We like to think of revolutions as being carried out by downtrodden factory workers and farmers, and in some cases that’s true. But frustrated and underemployed elites are uniquely well-positioned to disrupt society. They have the talent, the connections, and the time to organize radical movements and promulgate radical ideas. So far, education polarization means that a large fraction of the non-college majority hasn’t chosen to join these movements (or has expressed unrest in different, far less intellectual ways). But a society that generates a large cohort of restless, frustrated, talented, highly educated young people is asking for trouble.

The expectations reset

So if the Elite Overproduction Hypothesis is broadly correct, how do we get out of this mess? If happiness equals reality minus expectations, simple math tells us that we basically have two options for pacifying our educated youth — improve reality, or reduce expectations.

Improving reality is very hard, but we’re working on it. The industrial policies of the Biden administration are aimed at jump-starting faster economic growth, and more progressives are talking about an “abundance agenda” that would reduce the cost of living for Americans of all classes.

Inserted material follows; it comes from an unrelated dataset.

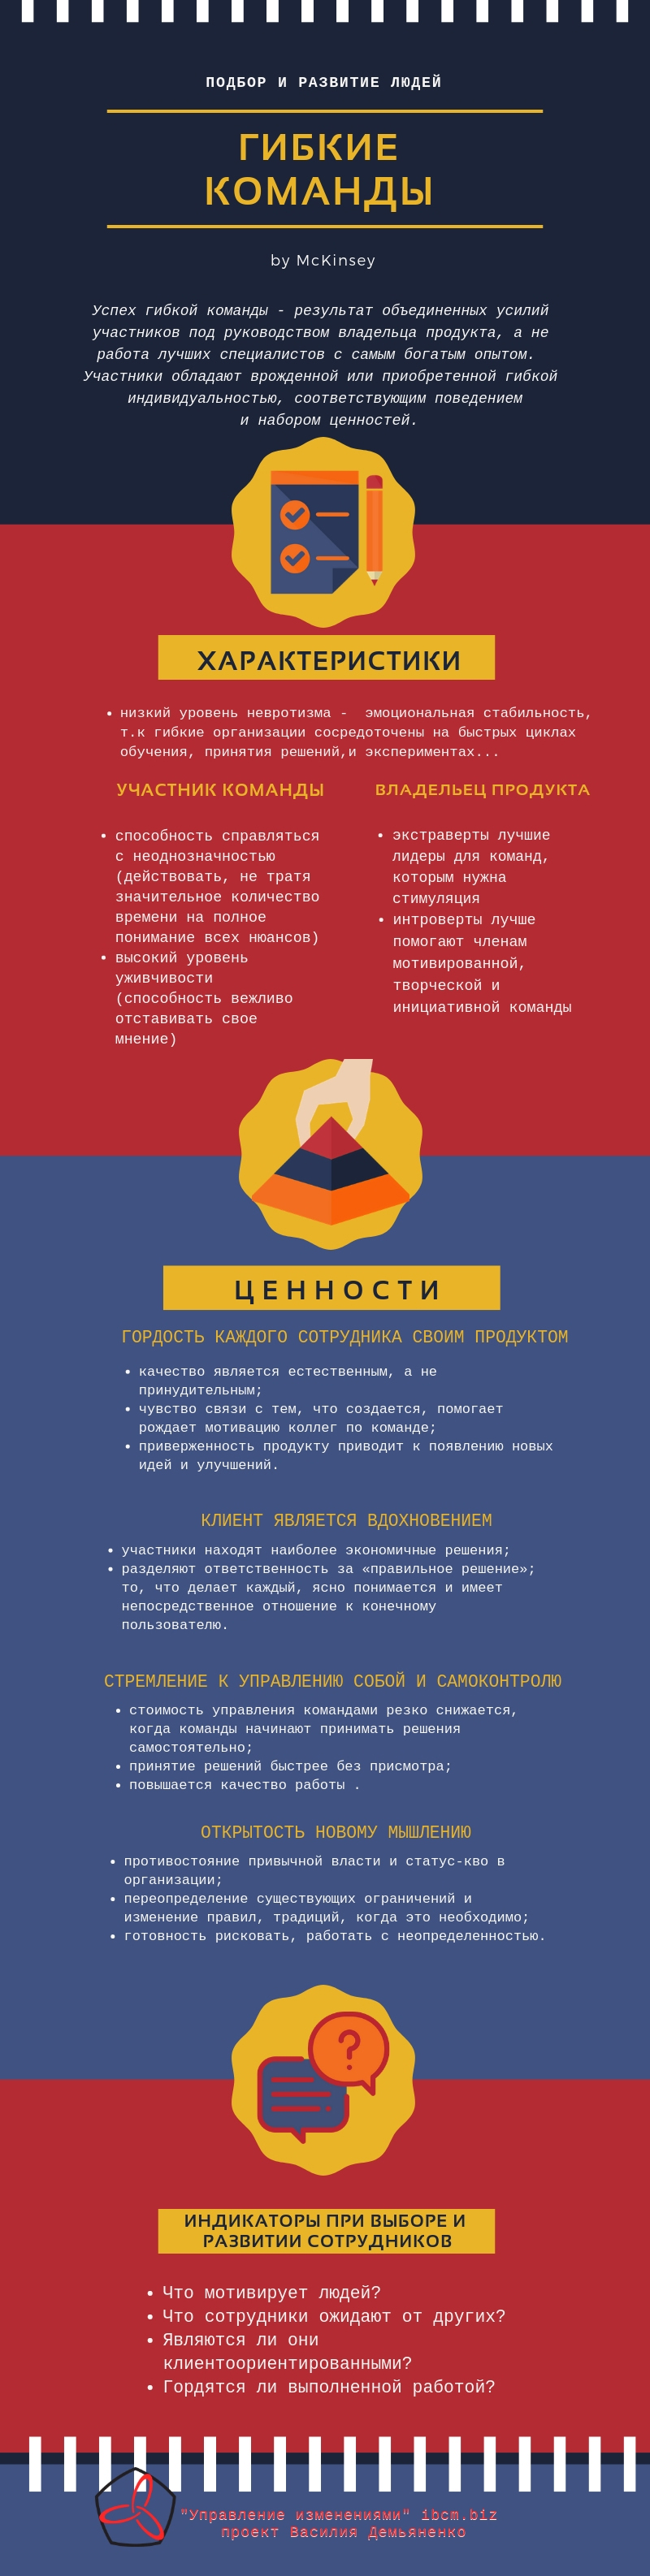 Подбор и развитие участников гибких команд.
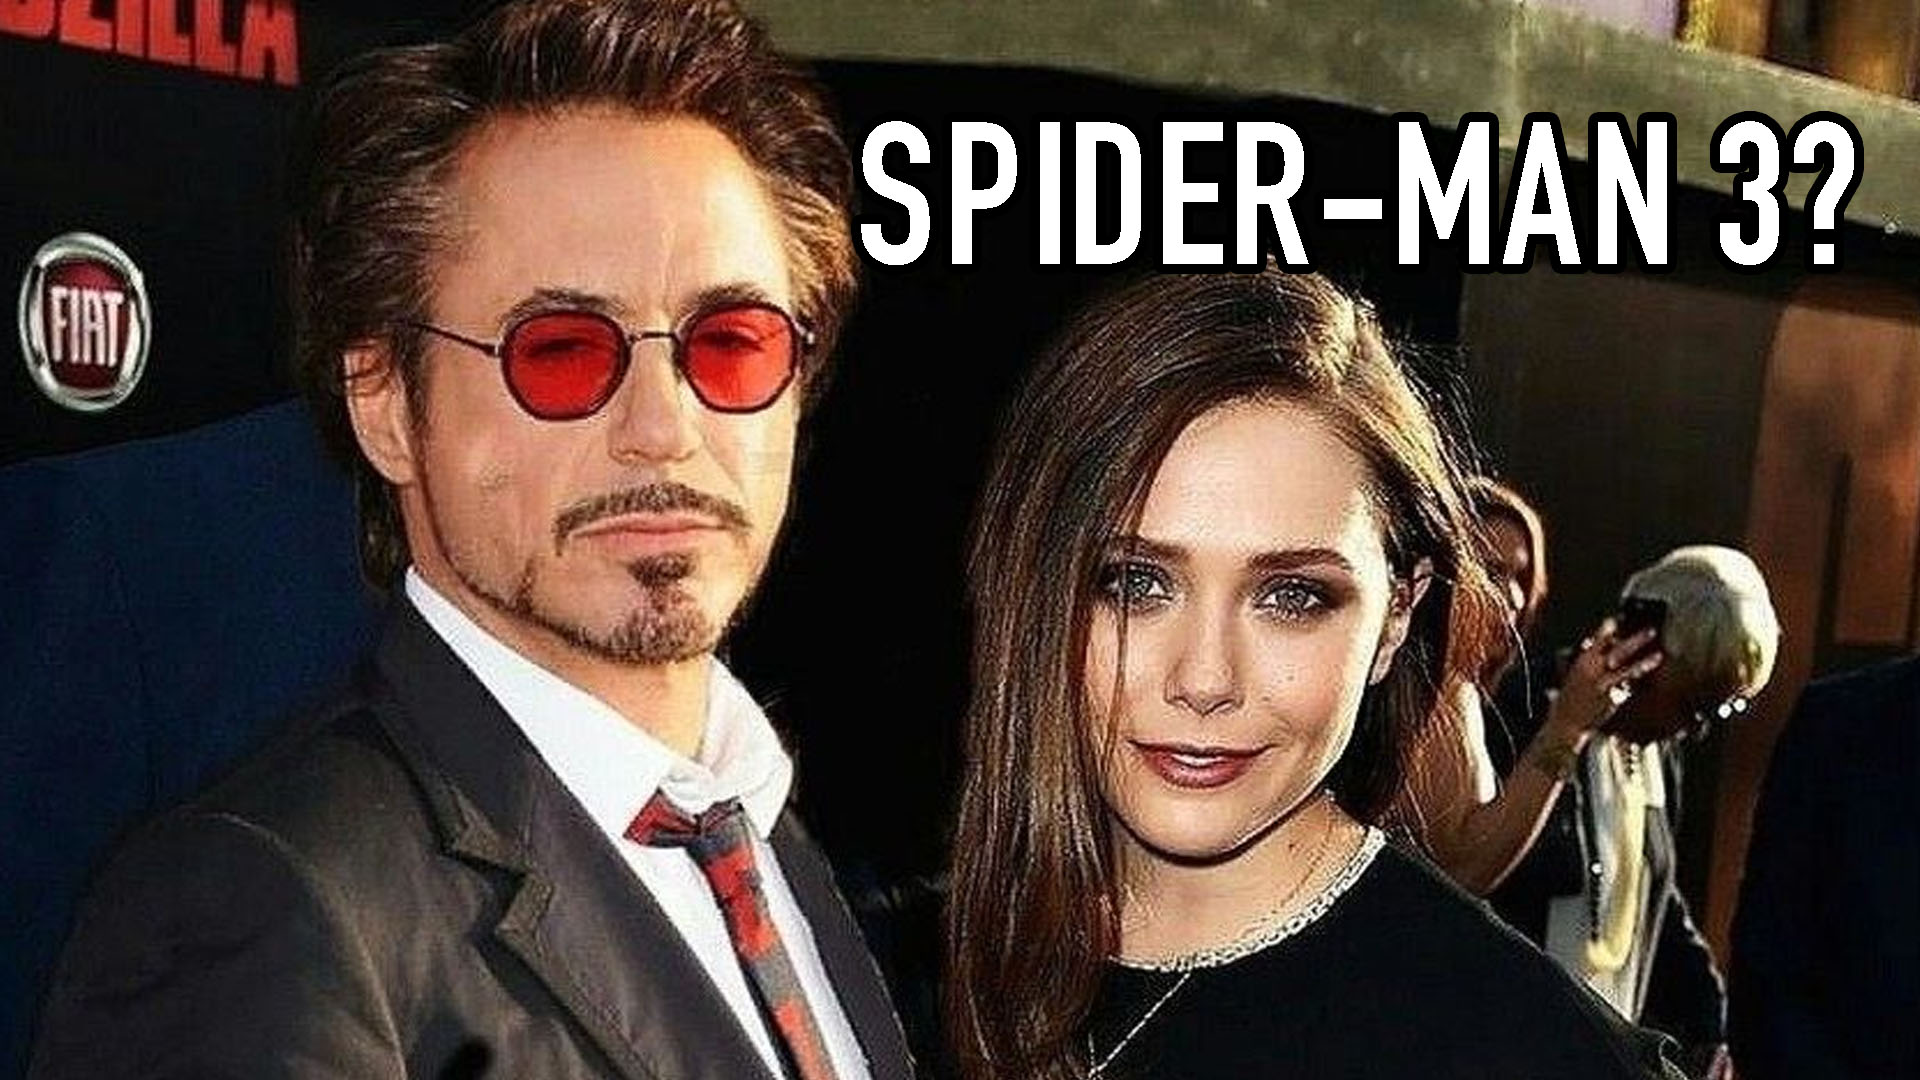 spiderman 3 cast updates

But barring a lucky break like the simultaneous tech boom and cheap oil of the 1990s, boosting growth and abundance will be painstakingly slow going. It will also require overcoming the opposition of a whole lot of vested interests — particularly local NIMBYs — who themselves will be disappointed and angry if the government railroads their parochial preferences to fulfill its national objectives.

A more feasible strategy is to reset expectations to a more realistic — or even pessimistic — level. If we take humanities majors as a measure of economic optimism, we can already see this happening, as young people turn to more practical degrees. Interestingly, Google Ngrams for “a fulfilling career” have now ticked down as well. The over-optimistic angry Millennial generation may soon be supplanted by a Generation Z whose modest expectations echo those of their Gen X parents in the late 70s and early 80s.

There may be things that cultural creators and media figures like myself might be able to do to help this “expectations reset” along. Perhaps we should emphasize grit and struggle instead of talking so much about wealth and personal fulfillment.

The government and universities have to be part of this too. Canceling student debt is fine, but long-term reforms to reduce the cost of college, and the debt burdens students incur, will reduce the stakes of the post-college job scramble. Universities should avoid marketing materials that depict them as a golden ticket to wealth and intellectual fulfillment, and should offer career counseling that prepare students for a realistic job market. And government should implement apprenticeships, vocational education, free community college, and other programs that make working-class life a decent bet — in addition to reducing inequality, this will make college graduates feel less “elite” relative to their non-college peers.

Of course, an expectations reset isn’t permanent. If we manage to restore good times, future generations will get used to that upward escalator, and they’ll form extrapolative expectations for their own glide path to success. But that’s a worry for the future. If the Elite Overproduction Hypothesis is true, then our best bet to calm our age of unrest is to bring our dreams down to Earth.